SUPPLIED RECORDS: Begin
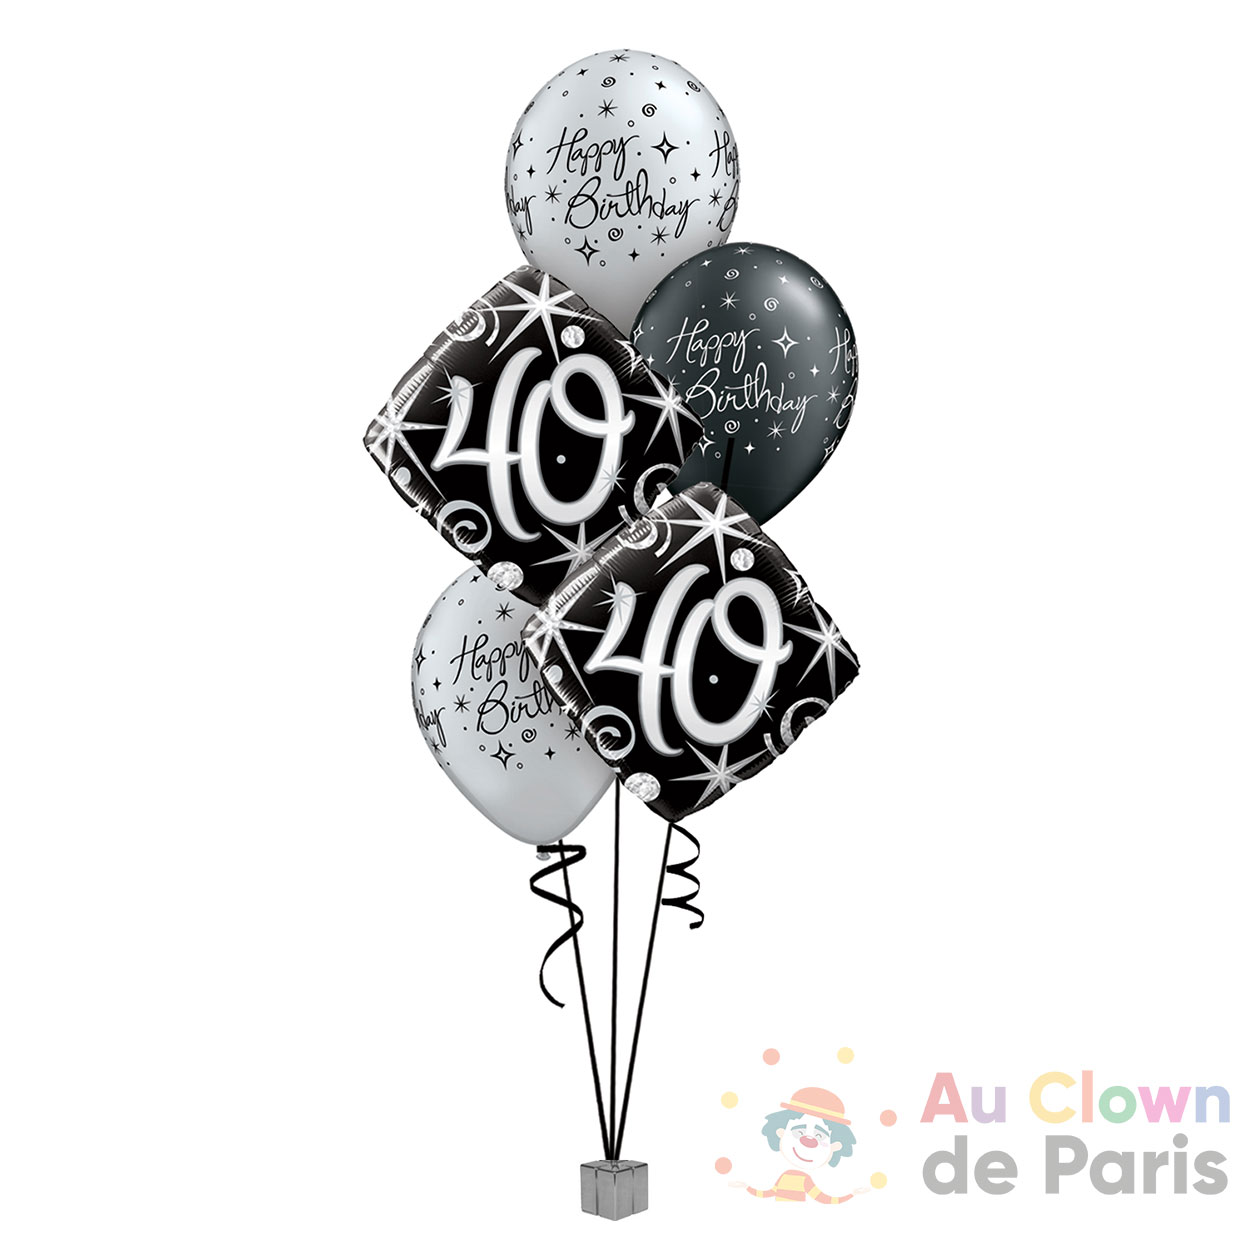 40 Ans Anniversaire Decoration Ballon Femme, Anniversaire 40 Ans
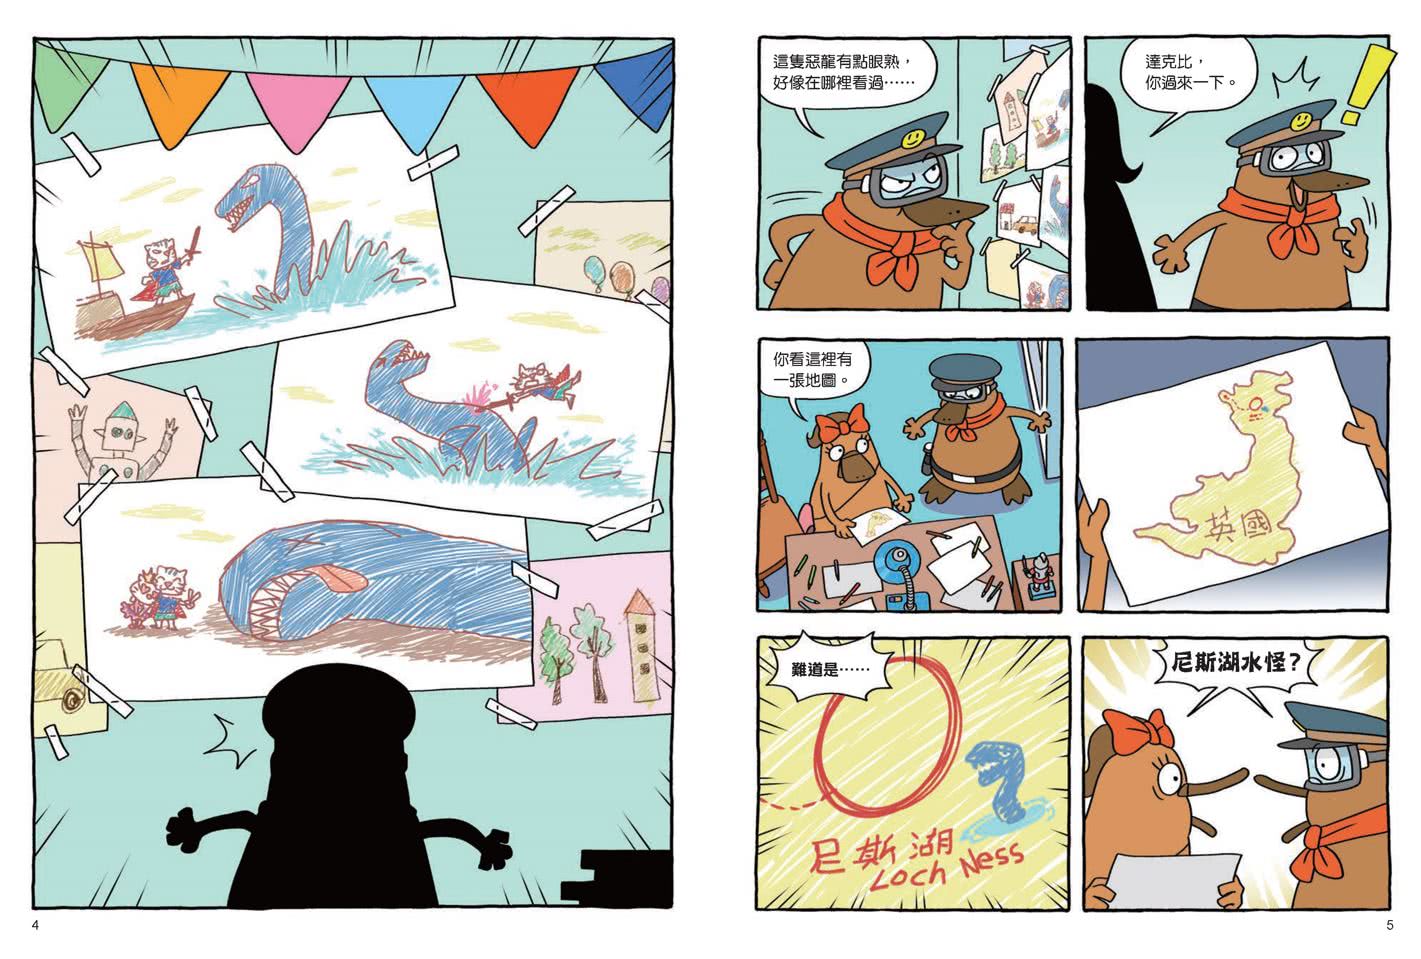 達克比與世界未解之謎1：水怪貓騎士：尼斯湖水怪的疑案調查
SUPPLIED RECORDS: End
SUPPLIED RECORDS: Begin
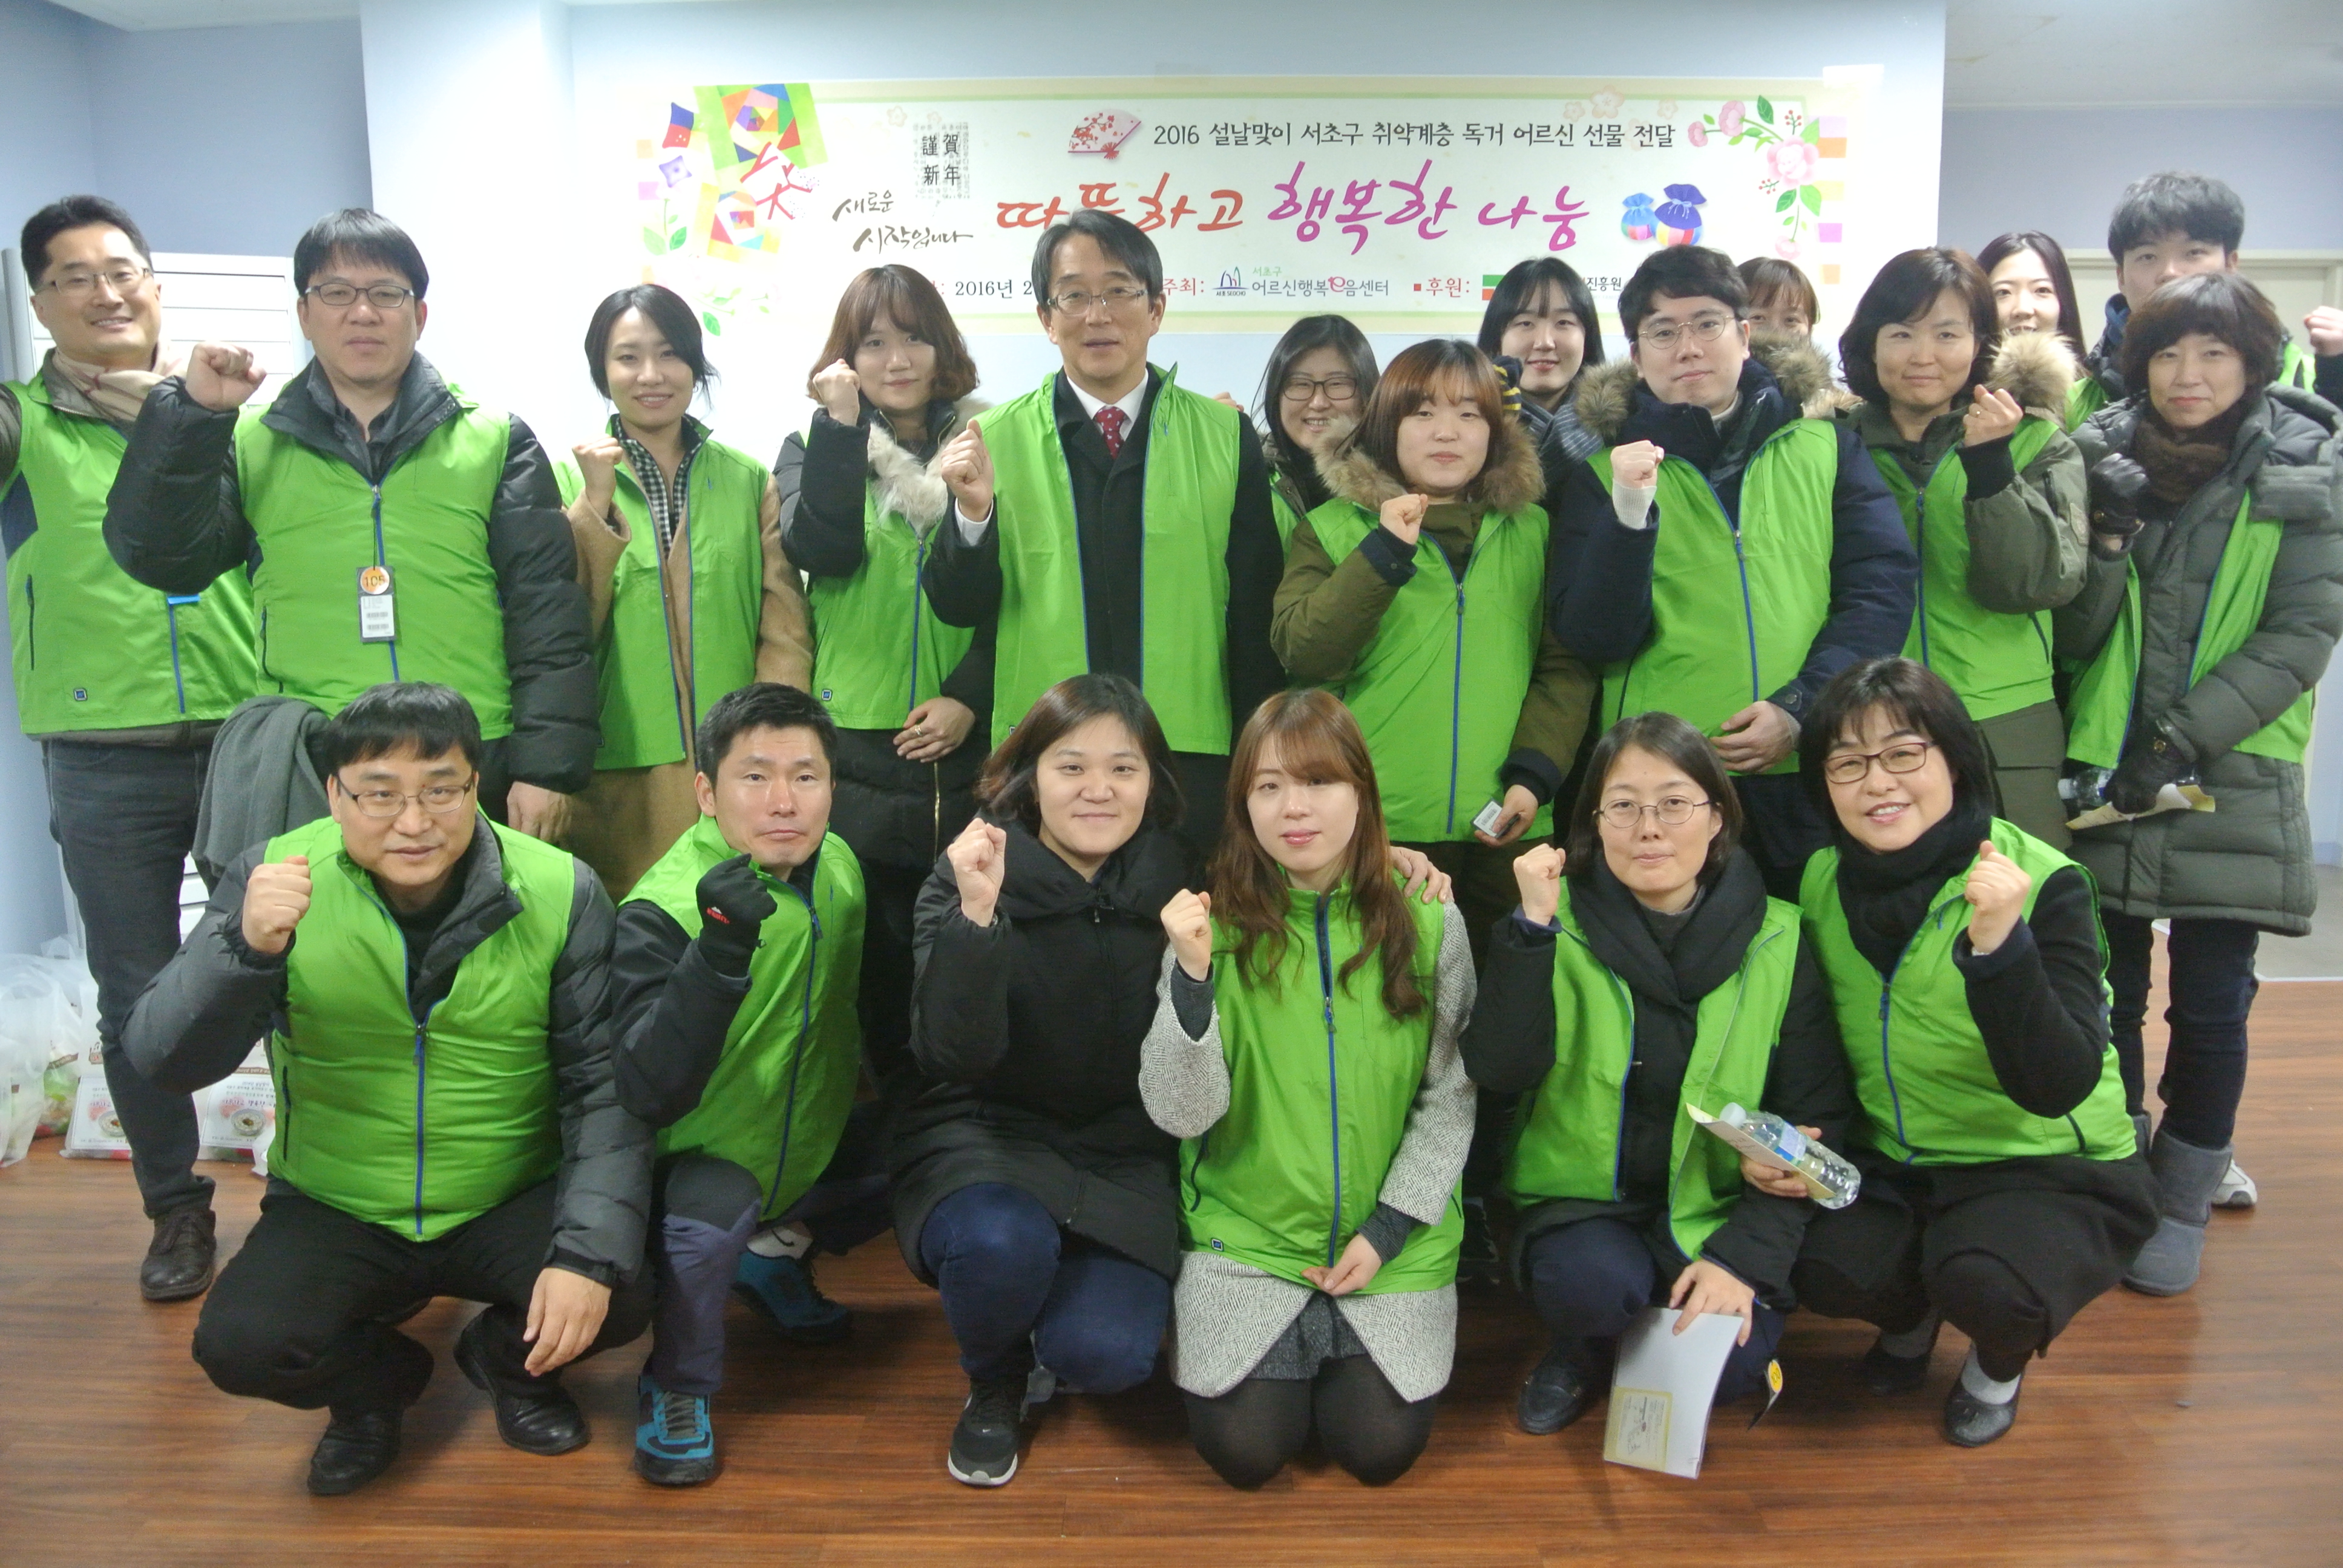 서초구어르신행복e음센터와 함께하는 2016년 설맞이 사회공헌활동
SUPPLIED RECORDS: End
**WHAT YOU ARE ASKED TO DO**
Nothing but the lines above from the one that has "40 Ans Anniversaire" down to the one that has "達克比與世界未解之謎1：水怪貓騎士：尼斯湖水怪的疑案調查" belongs in the answer, copied exactly, without pictures.

**EXERCISE OUTPUT**
 40 Ans Anniversaire Decoration Ballon Femme, Anniversaire 40 Ans
 達克比與世界未解之謎1：水怪貓騎士：尼斯湖水怪的疑案調查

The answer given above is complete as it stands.